An example of a method for calculating an understanding level index using a connection map will be described. For example, the understanding level determination unit 113 calculates an average value of the similarity levels for each channel. For example, the understanding level determination unit 113 calculates a weighted sum of the calculated average values as an understanding level index using a predetermined weight for each channel.

It should be noted that the weight for each channel is preferably determined based on the anatomical function of the measurement site corresponding to each channel. For example, when a user understands a foreign language, it is considered that hearing to process sound is not important, so it is desirable that the weight of the auditory cortex is a small value. In addition, since the Wernicke area is considered as an important brain part when understanding the spoken language, it is desirable that the weight for the channel corresponding to the Wernicke area is a large value.

For example, when there are a large number of channels that measure a certain part of the brain (for example, the frontal lobe), the understanding level determination unit 113 treats the channels as a single channel, and averages the similarities. May be calculated. Specifically, for example, the understanding level determination unit 113 may randomly select one channel from the channels and calculate the average value of the similarities of the selected channels, or all of the channels corresponding to the channel. You may calculate the average value of similarity. In this case, for example, a weight is set for the collected one channel.

Hereinafter, an example of a method for calculating an understanding index using a connection network will be described. For example, a weight is predetermined for each channel. As described above, the weight is desirably determined based on the anatomical function of the measurement site corresponding to each channel. For example, the understanding level determination unit 113 calculates the weighted sum of the number of edges generated from the nodes indicating each channel on the connection network based on the above-described weights as the understanding level.

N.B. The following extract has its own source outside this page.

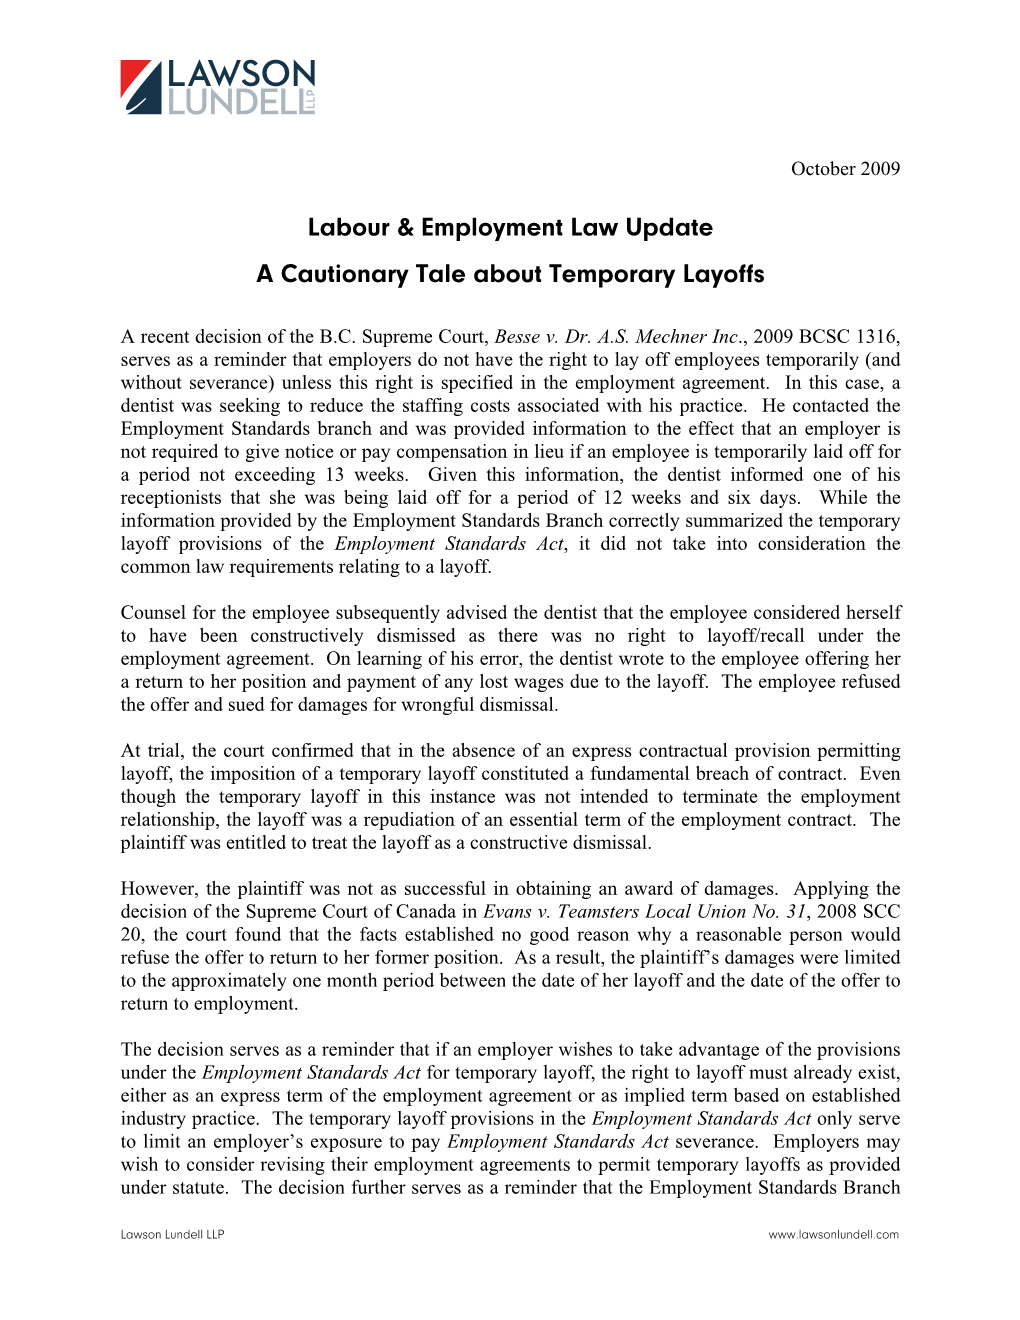 Labour & Employment Law Update a Cautionary Tale About Temporary

That is, the weighted sum is a weighted sum of the number of similarities greater than or equal to a predetermined value among the similarities corresponding to the channel in each channel.

Also, the understanding level determination unit 113 may calculate, for example, a weighted sum by a predetermined weight of the distance on the connection network between nodes indicating each channel as an understanding level index. Note that the predetermined weight is predetermined for all pairs of channels, for example.

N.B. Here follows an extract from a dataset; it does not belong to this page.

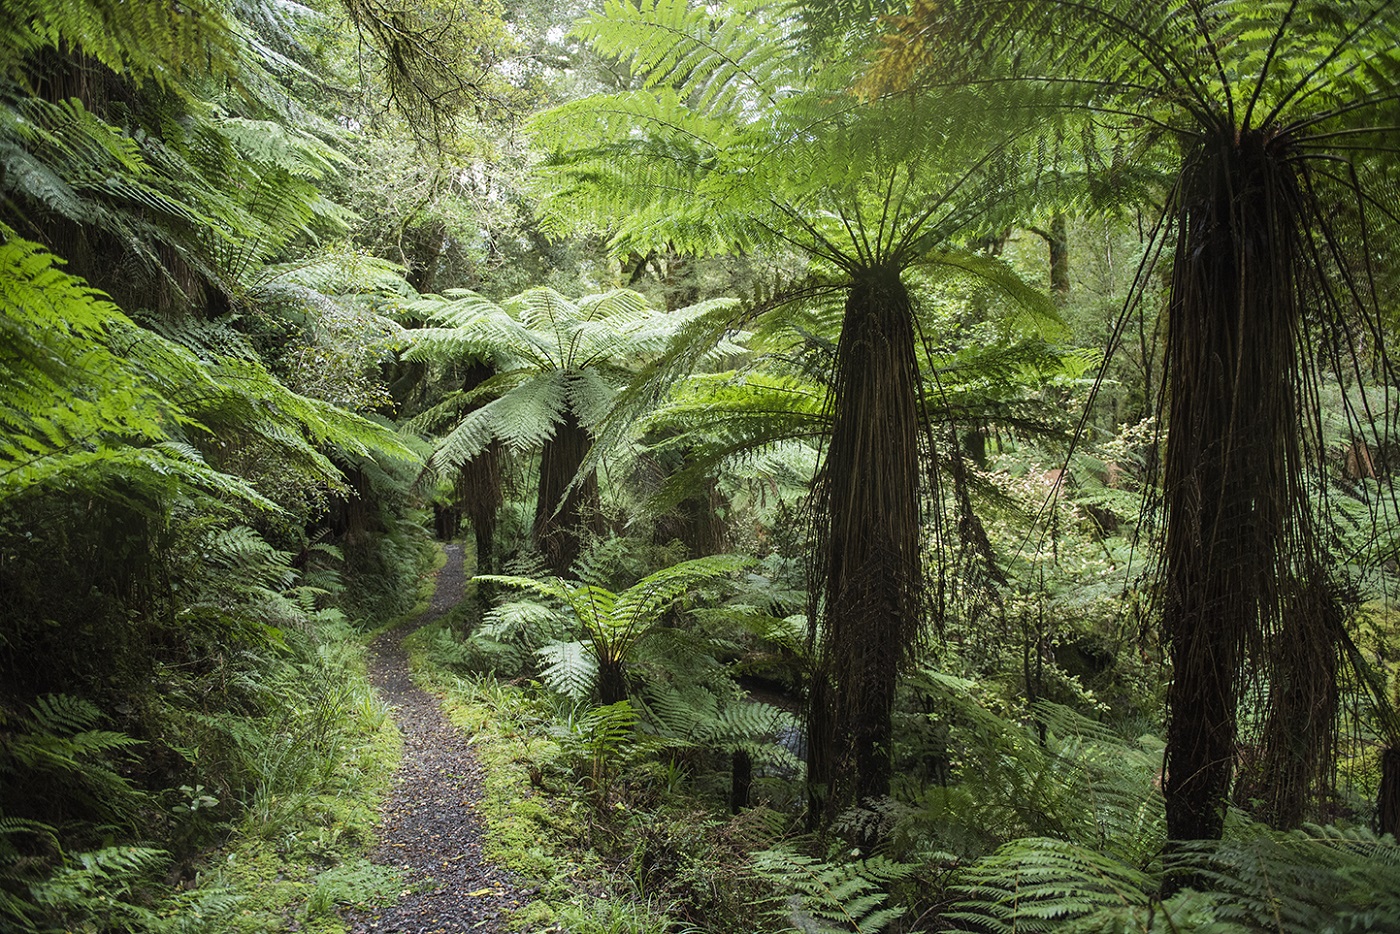 Hiking track through ferns in New Zealand

When the radio button 905 in FIG. 9 is selected, the understanding level determination unit 113 substitutes, for example, the correlation matrix calculated in step S704 or the understanding level index calculated from the correlation matrix into a predetermined conversion formula. Thus, the score of the English proficiency test in FIG. 4 is calculated. The conversion formula includes, for example, a sample prepared in advance of a correlation matrix or an understanding index when a plurality of people (for example, 100 people) perform the English proficiency test, and a sample of an actual score of the test. It is predetermined according to the comparison result.

FIG. 13 is a flowchart illustrating an example of an overview of the understanding level determination process. The understanding level determination unit 113 determines the understanding level based on the connection result (for example, a correlation matrix, a connection map, a connection network, or an understanding level index) calculated by the intracerebral connection calculation unit 112.

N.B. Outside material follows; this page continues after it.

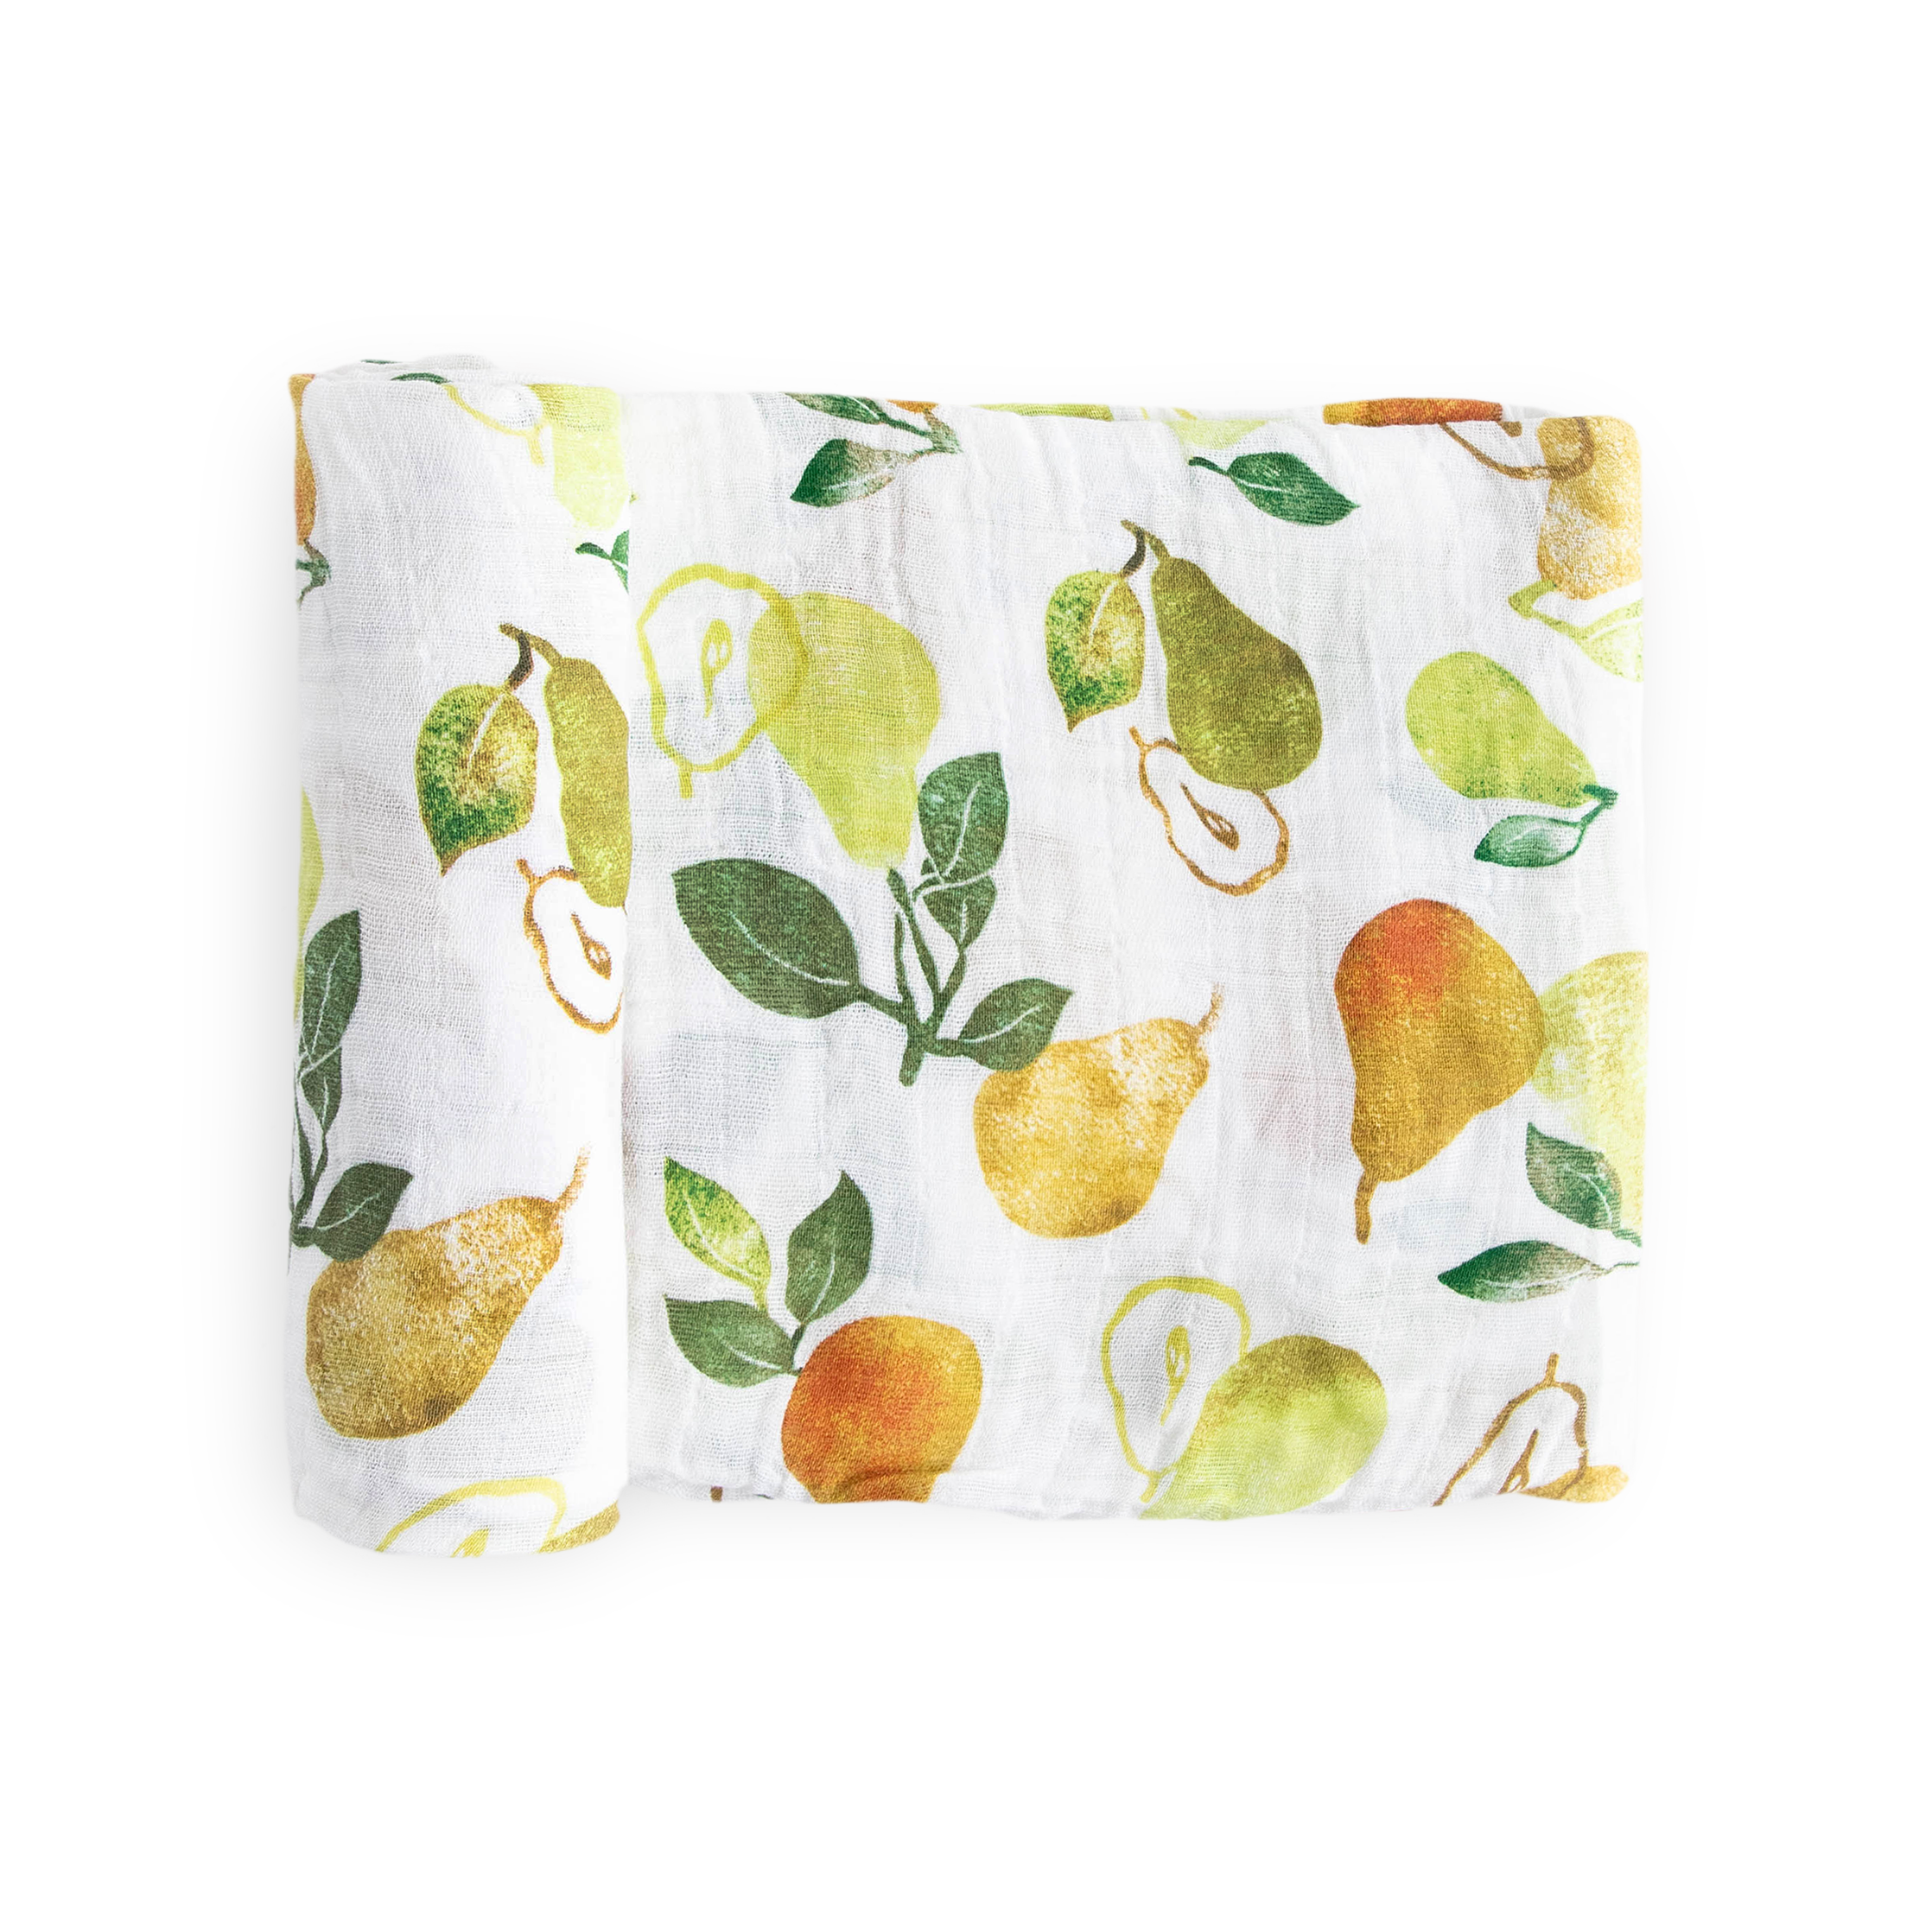 Cotton Muslin Swaddle Blanket - Peary Nice

First, the understanding level determination unit 113 acquires the connection result calculated by the intracerebral connection calculation unit 112 (S1301). Subsequently, the understanding level determination unit 113 determines the understanding level of the user based on the acquired connection result (S1302). Details of step S1302 will be described later. The understanding level determination unit 113 outputs an understanding level determination result, for example, via the touch panel 103 (S1303).

FIG. 14 is an example of the understanding level determination result. For example, it is considered that the connection in the left brain, the connection in the right brain, the connection in the left and right brain, the connection between the auditory cortex and the broker area, and the connection between the auditory cortex and the Wernicke area are stronger, and understand the spoken language more.

In the example of FIG. 14, information indicating whether or not these connections are strong is displayed. Note that the understanding level determination unit 113 determines, for example, whether or not the connection in the left brain is strong based on the similarity between channels that measure the left brain.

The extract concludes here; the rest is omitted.